Somatic Mutations of the HER2 Kinase Domain in Lung Adenocarcinomas

Hisayuki Shigematsu1,9, Takao Takahashi1, Masaharu Nomura1, Kuntal Majmudar1, Makoto Suzuki5, Huei Lee6, Ignacio I. Wistuba7, Kwun M. Fong8, Shinichi Toyooka9, Nobuyoshi Shimizu9, Takehiko Fujisawa5, John D. Minna1,2,3 and Adi F. Gazdar1,4

1 Hamon Center for Therapeutic Oncology Research, Departments of 2 Internal Medicine, 3 Pharmacology, and 4 Pathology, University of Texas Southwestern Medical Center, Dallas, Texas; 5 Department of Thoracic Surgery, Graduate School of Medicine, Chiba University, Chiba, Japan; 6 Institute of Medical and Molecular Toxicology, Chung Shan Medical University, Taichung, Taiwan; 7 Department of Pathology and Thoracic/Head and Neck Medical Oncology, University of Texas, MD Anderson Cancer Center, Houston, Texas; 8 Prince Charles Hospital, Brisbane, Australia; and 9 Department of Cancer and Thoracic Surgery, Graduate School of Medicine and Dentistry, Okayama University, Okayama, Japan

Requests for reprints: Adi F. Gazdar, Hamon Center for Therapeutic Oncology Research, University of Texas Southwestern Medical Center, 6000 Harry Hines Boulevard, Dallas TX, 75390-8593. Phone: 214-648-4921; Fax: 214-648-4940; E-mail: adi.gazdar{at}utsouthwestern.edu.

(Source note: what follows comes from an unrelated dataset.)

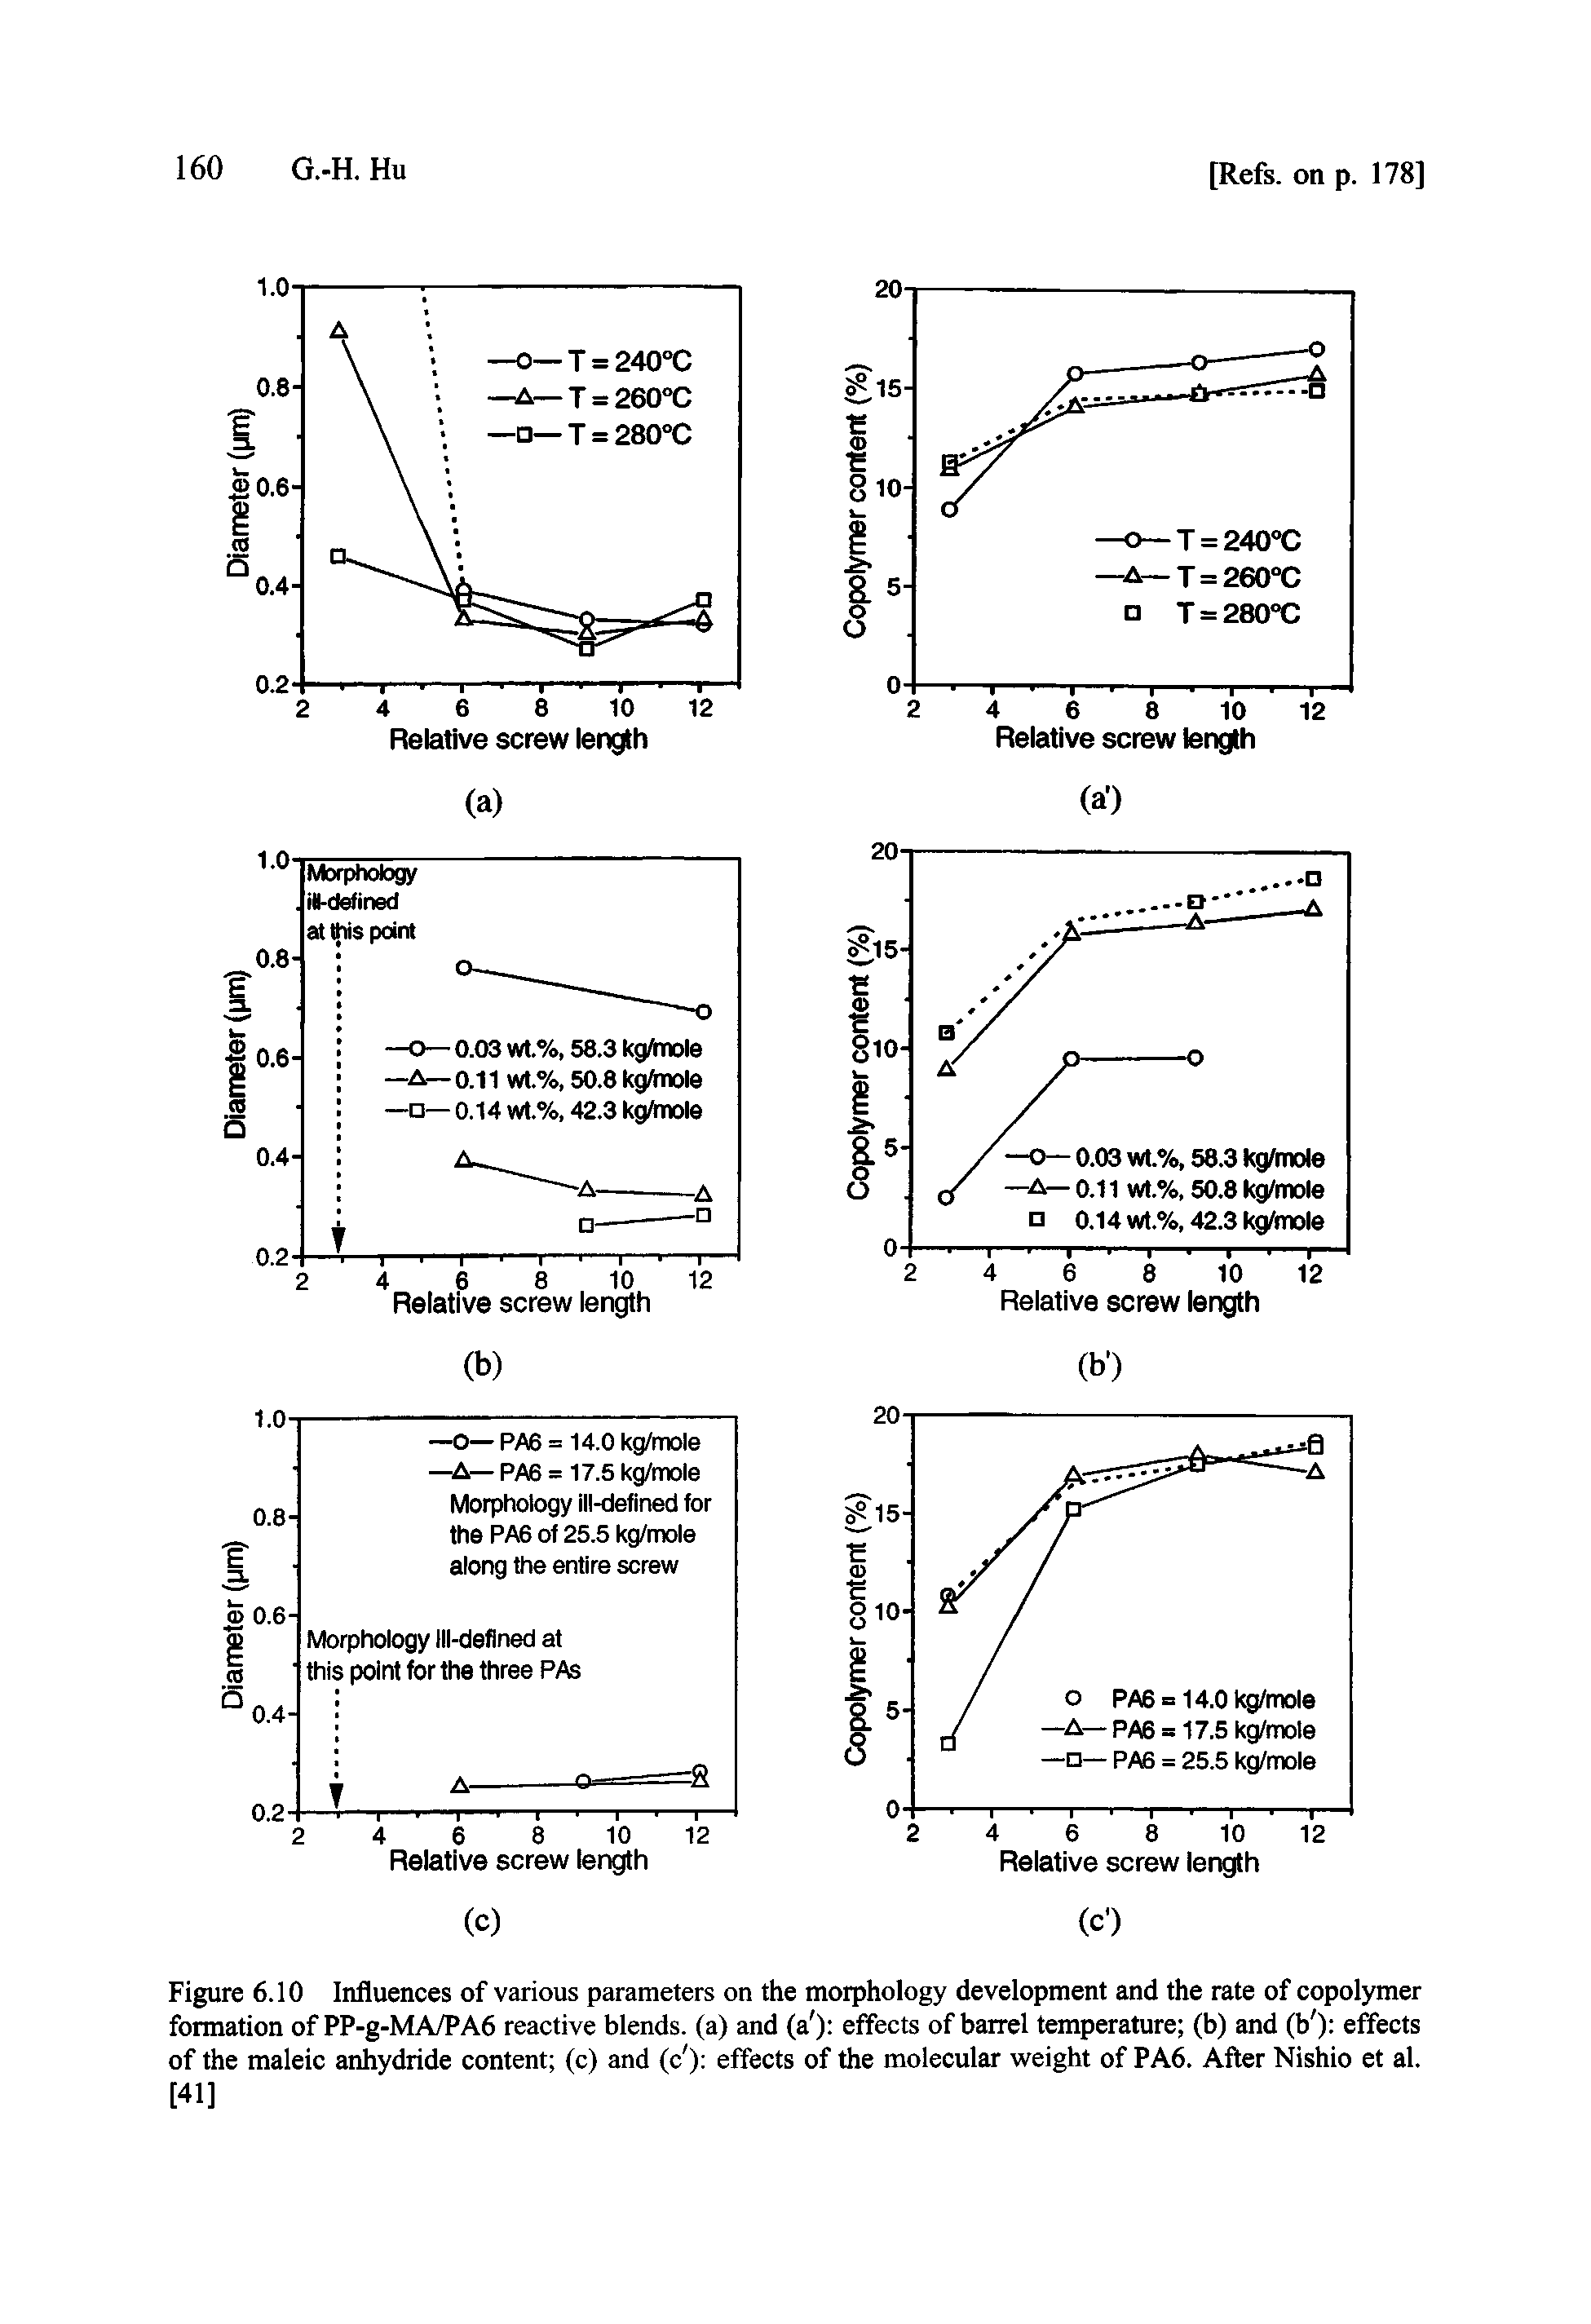 Figure 6.10 Influences of various parameters on the morphology development and the rate of copolymer formation of PP-g-MA/PA6 reactive blends, (a) and (a ) effects of barrel temperature (b) and (b ) effects of the maleic anhydride content (c) and (c ) effects of the molecular weight of PA6. After Nishio et al. [41]...
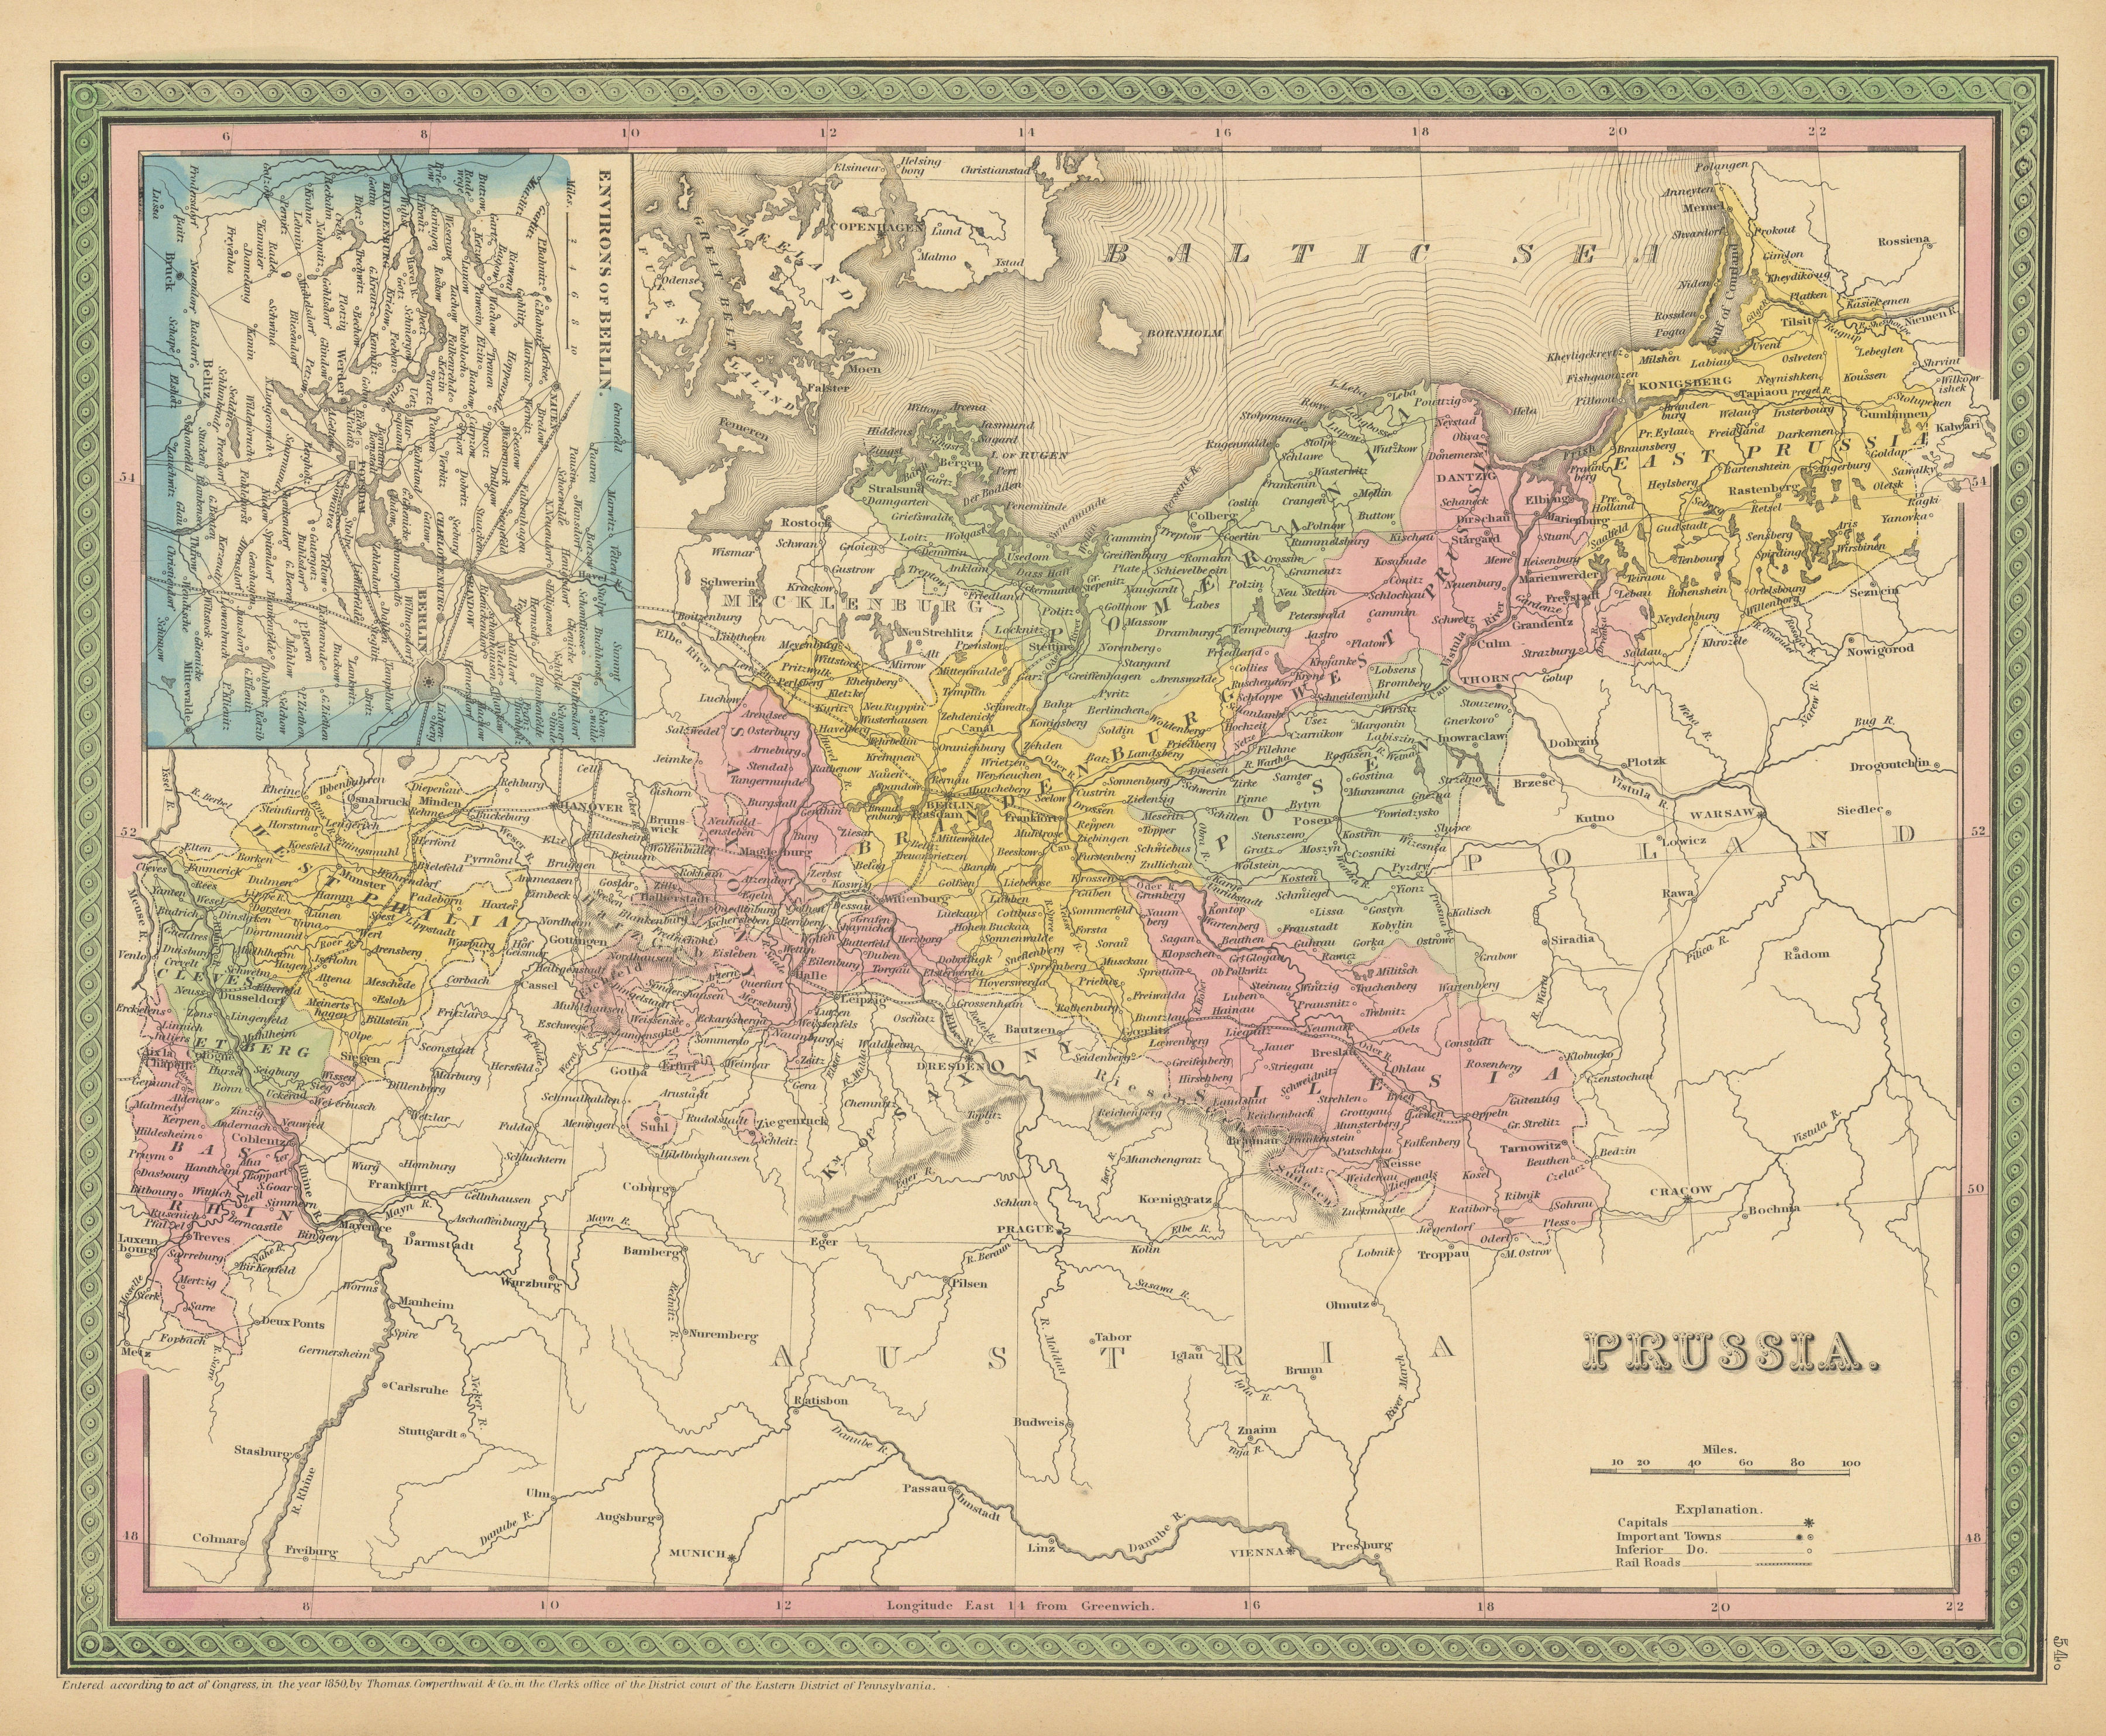 Prussia. Berlin environs. Germany & Poland. THOMAS, COWPERTHWAIT 1852 old map

Mutations in the epidermal growth factor receptor gene (EGFR) in lung cancers predict for sensitivity to EGFR kinase inhibitors. HER2 (also known as NEU, EGFR2, or ERBB2) is a member of the EGFR family of receptor tyrosine kinases and plays important roles in the pathogenesis of certain human cancers, and mutations have recently been reported in lung cancers. We sequenced the tyrosine kinase domain of HER2 in 671 primary non–small cell lung cancers (NSCLC), 80 NSCLC cell lines, and 55 SCLCs and other neuroendocrine lung tumors as well as 85 other epithelial cancers (breast, bladder, prostate, and colorectal cancers) and compared the mutational status with clinicopathologic features and the presence of EGFR or KRAS mutations. HER2 mutations were present in 1.6% (11 of 671) of NSCLC and were absent in other types of cancers. Only one adenocarcinoma cell line (NCI-H1781) had a mutation. All HER2 mutations were in-frame insertions in exon 20 and target the identical corresponding region as did EGFR insertions. HER2 mutations were significantly more frequent in never smokers (3.2%, 8 of 248; P = 0.02) and adenocarcinoma histology (2.8%, 11 of 394; P = 0.003). In 394 adenocarcinoma cases, HER2 mutations preferentially targeted Oriental ethnicity (3.9%) compared with other ethnicities (0.7%), female gender (3.6%) compared with male gender (1.9%) and never smokers (4.1%) compared with smokers (1.4%). Mutations in EGFR, HER2, and KRAS genes were never present together in individual tumors and cell lines. The remarkable similarities of mutations in EGFR and HER2 genes involving tumor type and subtype, mutation type, gene location, and specific patient subpopulations targeted are unprecedented and suggest similar etiologic factors. EGFR, HER2, and KRAS mutations are mutually exclusive, suggesting different pathways to lung cancer in smokers and never smokers.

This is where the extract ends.